Why SoFi Will Win the Student Lending Game

Tim Chen
Tim Chen
Feb 29, 2016 · 4 min read

Potential 10x yield on unicorn investing?

So many people and VCs talk about hunting for the next unicorn. But what about the unicorn of unicorns? Uber was once valued in the low billions, and is now worth ~$68bn. Here’s my take on which unicorn could achieve another 10x growth in the next 4–5 years.

SoFi is tackling $2.7T+ lending markets through social platform mechanics:

  • $1.2T Student loan market broken with growing federal default rates
  • SoFi funded $6B loans by targeting high-performing students & creating a social platform
  • Strong borrower base + social platform to gain entry into $1.45T mortgage market

Behavior change and market timing

To cover the high cost of tuition in the US, many students take out loans — in fact, the US student loan market is ~$1.2 trillion as of 3Q2015. But the system is inherently broken — under FDIC insurance regulation, banks lose pricing flexibility on student loans whereas they can calibrate risk for mortgages and auto-loans. A market with varying default rates would adjust for quality of education, e.g. Harvard/Stanford vs. for-profit colleges, but today, high-performing students subsidize loans to below-average school students, which have higher default rates. The delinquency rate in 2015 for federal student loans was ~12% vs. mortgages ~6% and auto loans ~4%.

So as a student borrower, I can’t refinance my loans at a lower rate. And if I want to take out another loan, I have to go through a confusing and time-consuming paper-work heavy process, use antiquated systems (FICO score), and put up with poor customer service just to get above-average rates! So how can I get a student loan commensurate with my education quality, career and lifestyle?

Defensible moat, scalability, and competitor

SoFi (~$4B post $1B series E led by Softbank), an online lending marketplace, launched in 2011 to refinance student loans by focusing on top schools. It connects students with their school alumni, who not only lend (SoFi’s also lends its funds raised), but also offer career mentoring, which ultimately reduces lending rates and delinquencies (~3% as of 2016). Instead of the FICO score and traditional debt-to-income ratios, SoFI uses responsible bill payment, monthly income vs. expenses, and professional experience metrics to better predict a loan’s repayment. And unlike traditional methods requiring filling out endless paperwork taking days, SoFi enables users to get loans real-time via their phone.

Naturally, SoFi’s moat is its commitment towards making the loan process about developing a community of like-minded borrowers and donors. This sets SoFi apart from competitors because it’s building a social platform. For example, to scale, SoFi threw cocktail parties for its members, and of the few borrowers who defaulted, SoFi paused their payments and helped them land interviews with potential employers. Oh, and SoFi also provides 6-mo. breaks for customers who want to start their own companies.

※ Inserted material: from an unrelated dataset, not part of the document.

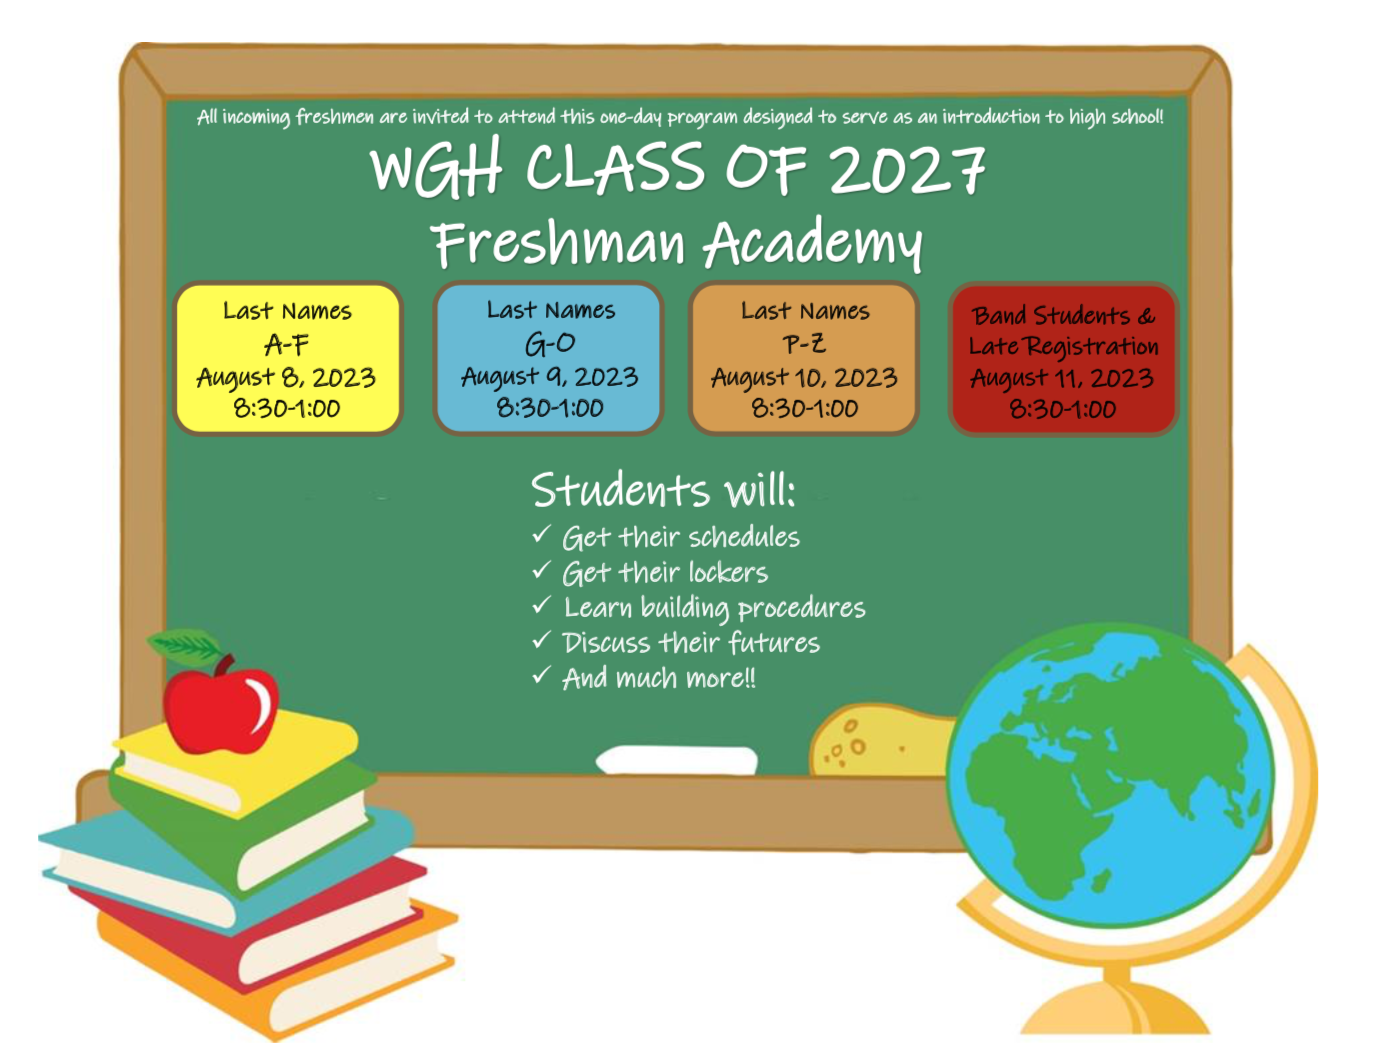 Freshman Academy  offered to the WGH Class  of 2027!

Furthermore, unlike competing P2P & social lenders, SoFi started with the strongest demographic customer base, which drives strong earning power. As of 2016, SoFi registered 120K+ members, funded $6 billionto date, and originated an incredible $1 billion in loans each month vs. $1 billion for all of 2014. SoFi has experienced hockey stick growth and profitability (profitable as of 2014) as a result of it’s ease of use and customer base. Competitors (Roostify, Lending Club, etc.) merely want to unbundle banks or streamline existing processes for consumers and Fannie & Freddie. SoFi wants to kill banks.

Risks and exit analysis

SoFi is a social platform that will transform finance and education. It’s social infrastructure (50% referral rate and 90 net promoter score) help the company scale, market and distribute its “community capital.”

Risks include lowering lending standards to subsidize growth, federal regulations loosening to compete, and bigger banks cutting rates (Wells Fargo has already). There’s also refinancing risk: subscribers lend money to SoFi, against its 5-year fixed rate notes, which originate 5–20 year maturity loans to borrowers.

SoFi is also expanding into the $1.45T mortgage market by leveraging its social platform and strong customer base. SoFi underwrites mortgages based on a person’s free cash flow to broaden customer pool and pull from its student base. Over half of SoFi’s borrowers earn at least $100K and have an average FICO of 774, driving favorable securitization ratings from Moody’s and S&P. Nonbanks grew their US mortgage marketshare to ~38% and PwC estimates nonbank mortgage lending to grow 30% CAGR from $6.5B in 2014 to $150bn by 2025. SoFi’s social model & strong customer base can drive it to at least $50B.